INFORMATION PROVIDED below:
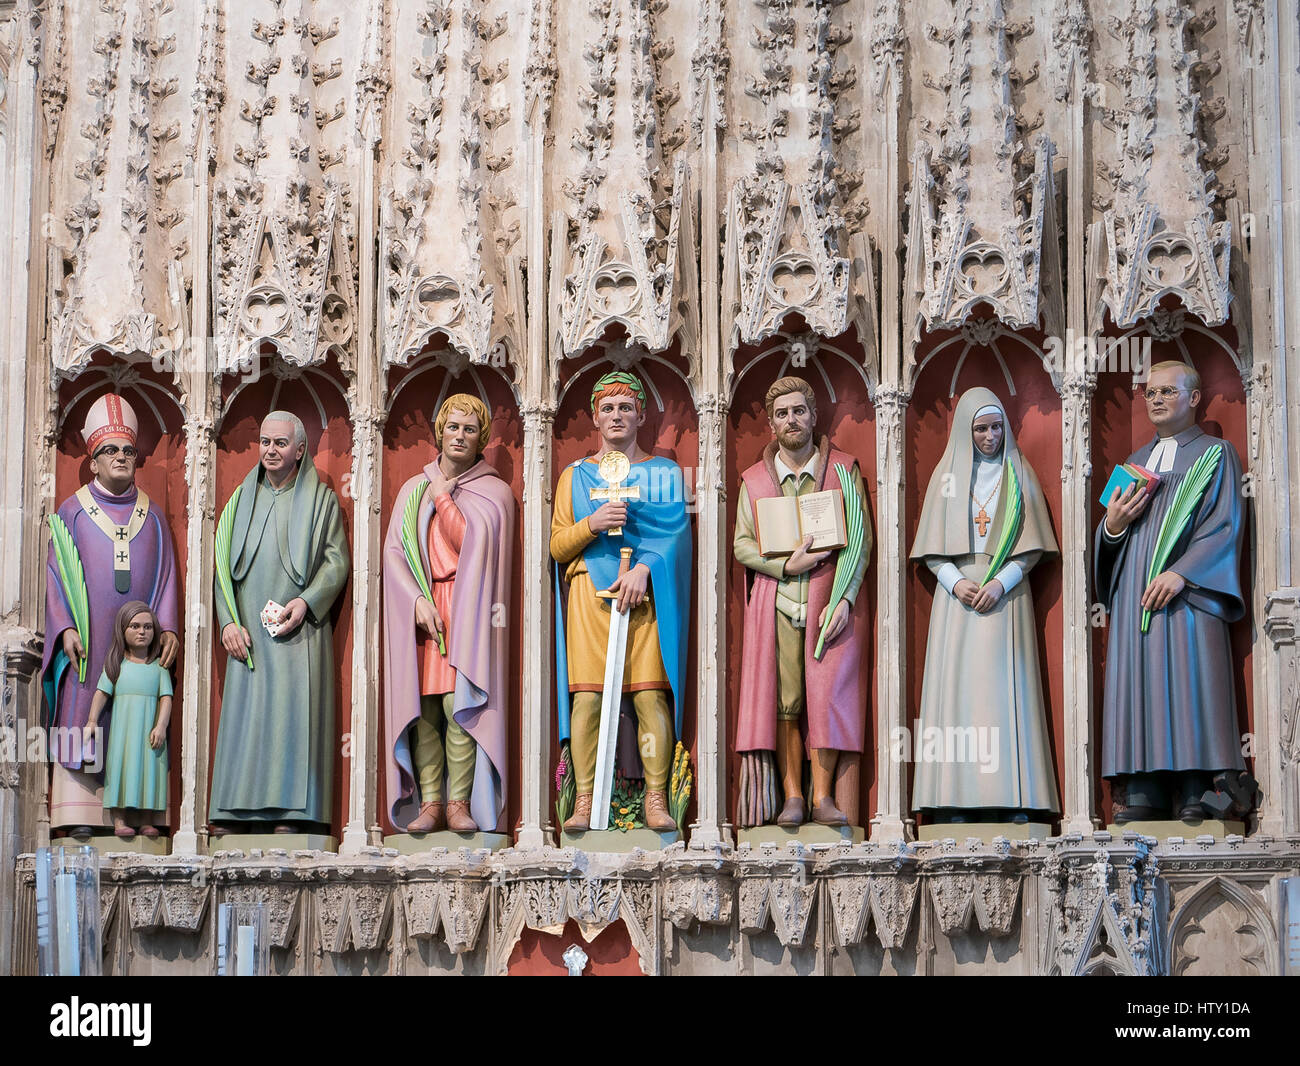 Seven restored Martyr statues in nave of St Albans Abbey church Hertfordshire England UK Stock Photo
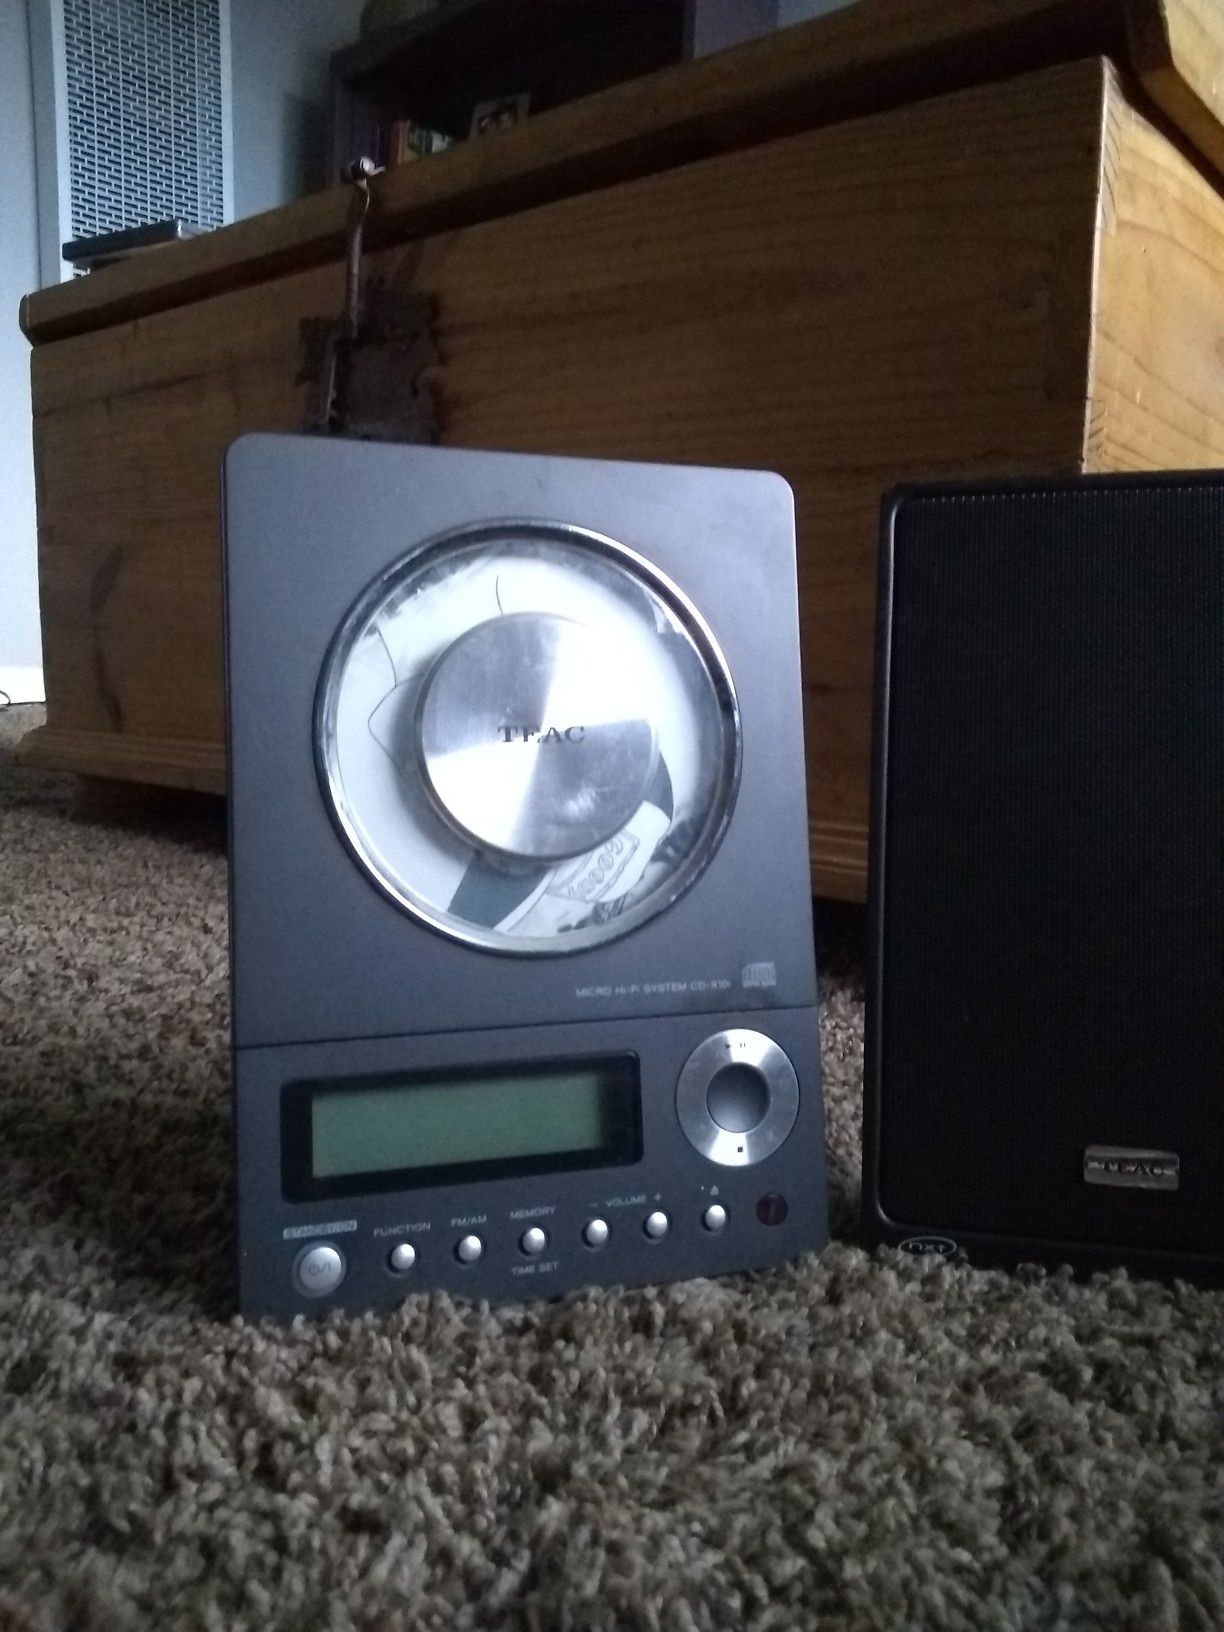 Teac home stereo system.
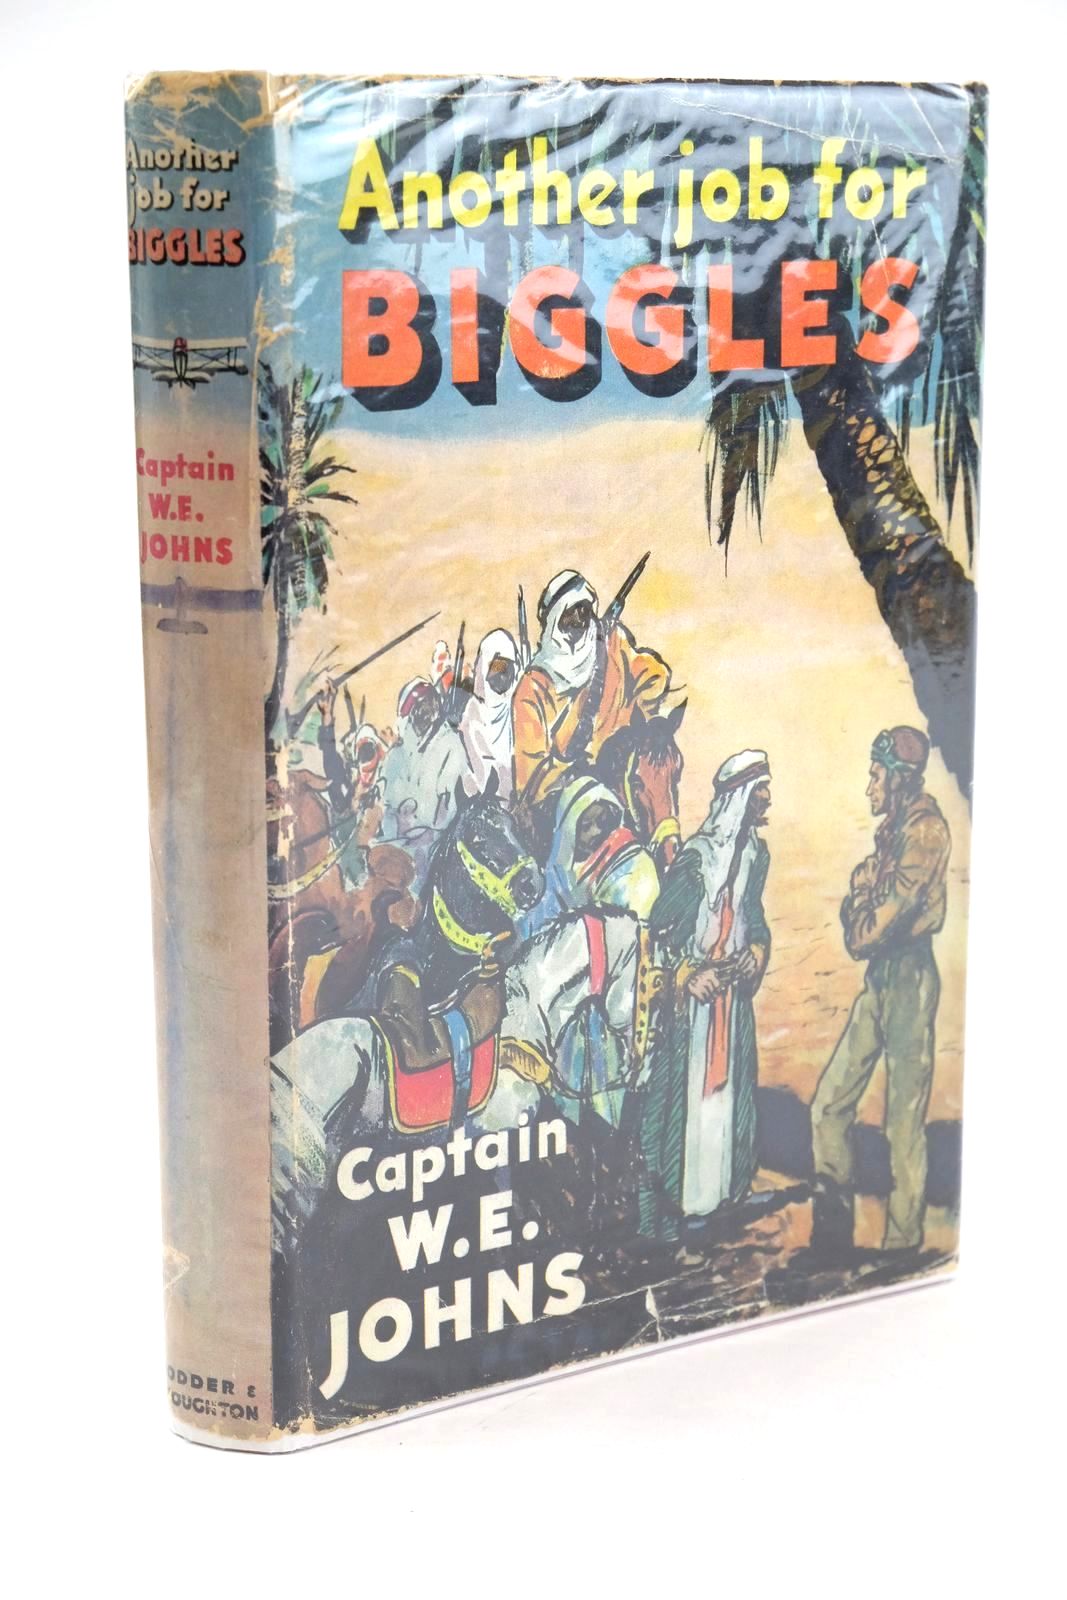 Photo of ANOTHER JOB FOR BIGGLES written by Johns, W.E. illustrated by Stead,  published by Hodder & Stoughton (STOCK CODE: 1324037)  for sale by Stella & Rose's Books
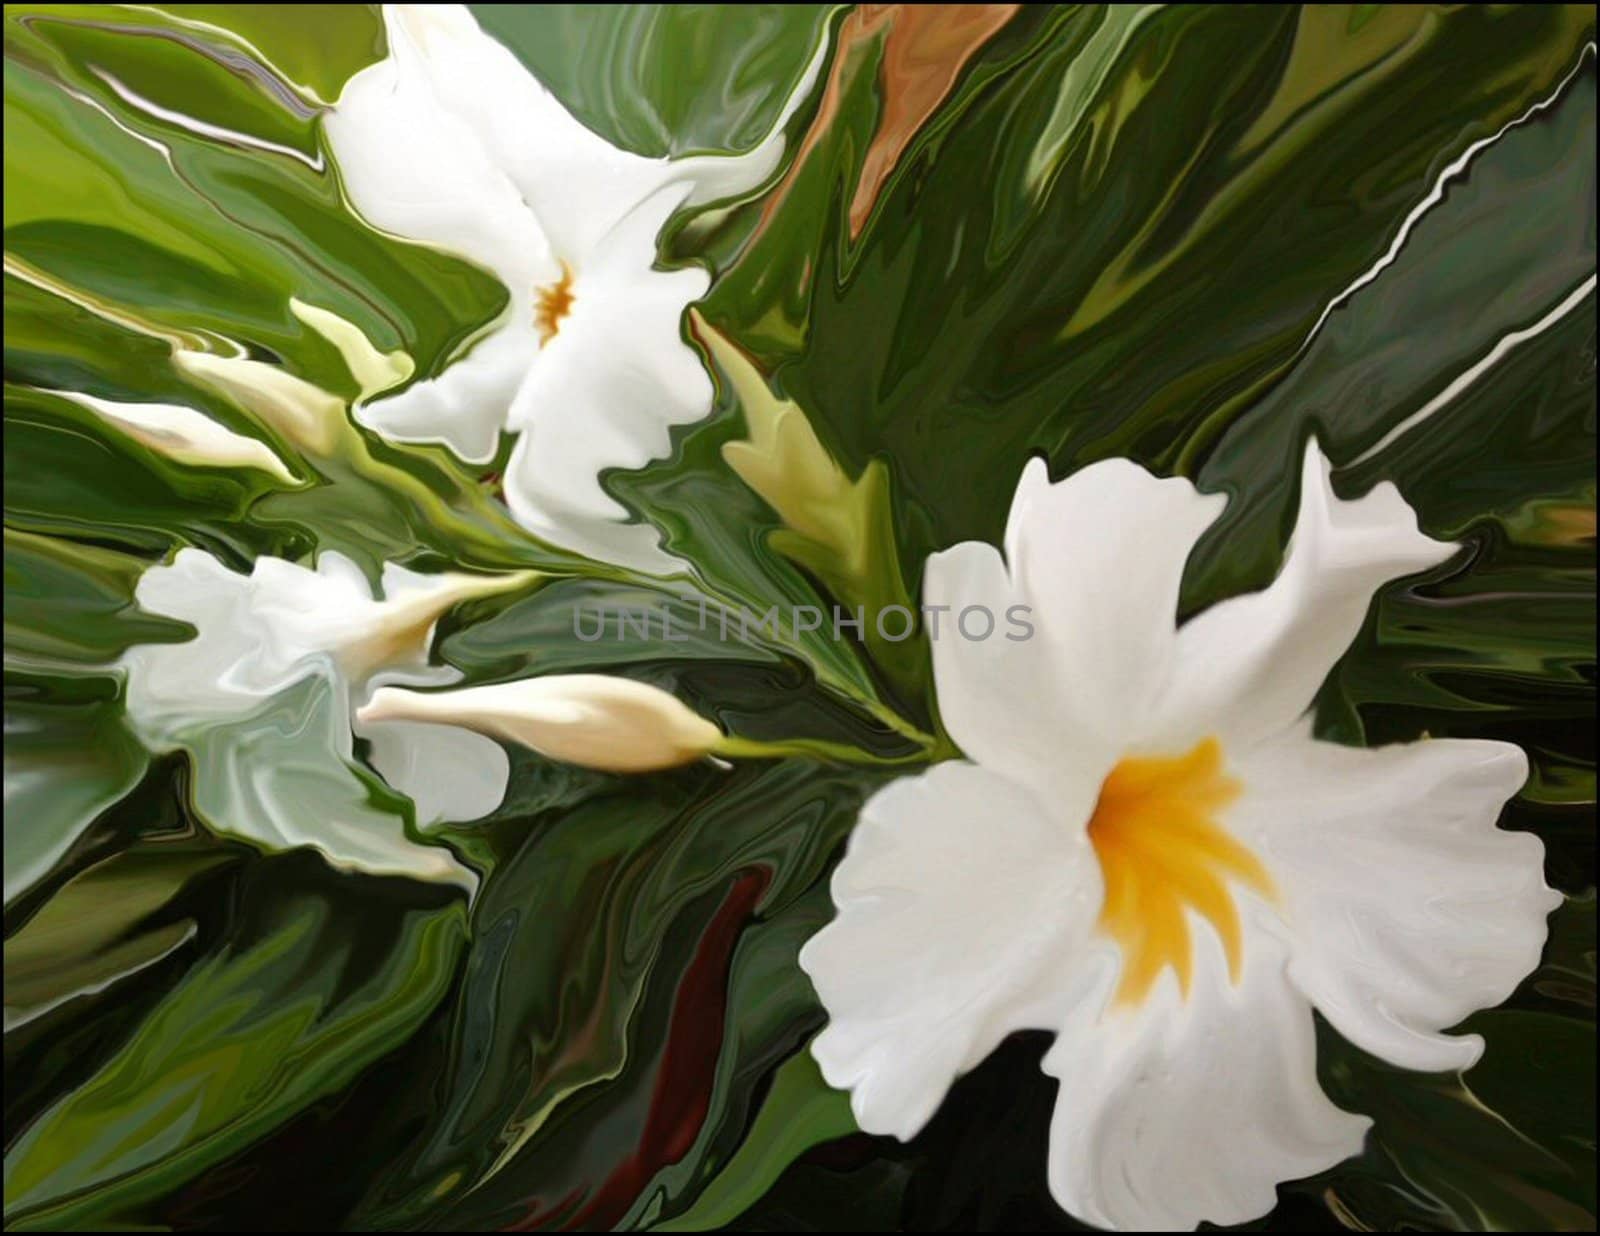 Surreal image of a bouquet of white Jasmine flowers.
End of INFORMATION PROVIDED.
### EXERCISE GOAL
Without including any picture, repeat the data exactly.

### TASK SOLUTION
 Seven restored Martyr statues in nave of St Albans Abbey church Hertfordshire England UK Stock Photo
 Teac home stereo system.
 Photo of ANOTHER JOB FOR BIGGLES written by Johns, W.E. illustrated by Stead,  published by Hodder & Stoughton (STOCK CODE: 1324037)  for sale by Stella & Rose's Books
 Surreal image of a bouquet of white Jasmine flowers.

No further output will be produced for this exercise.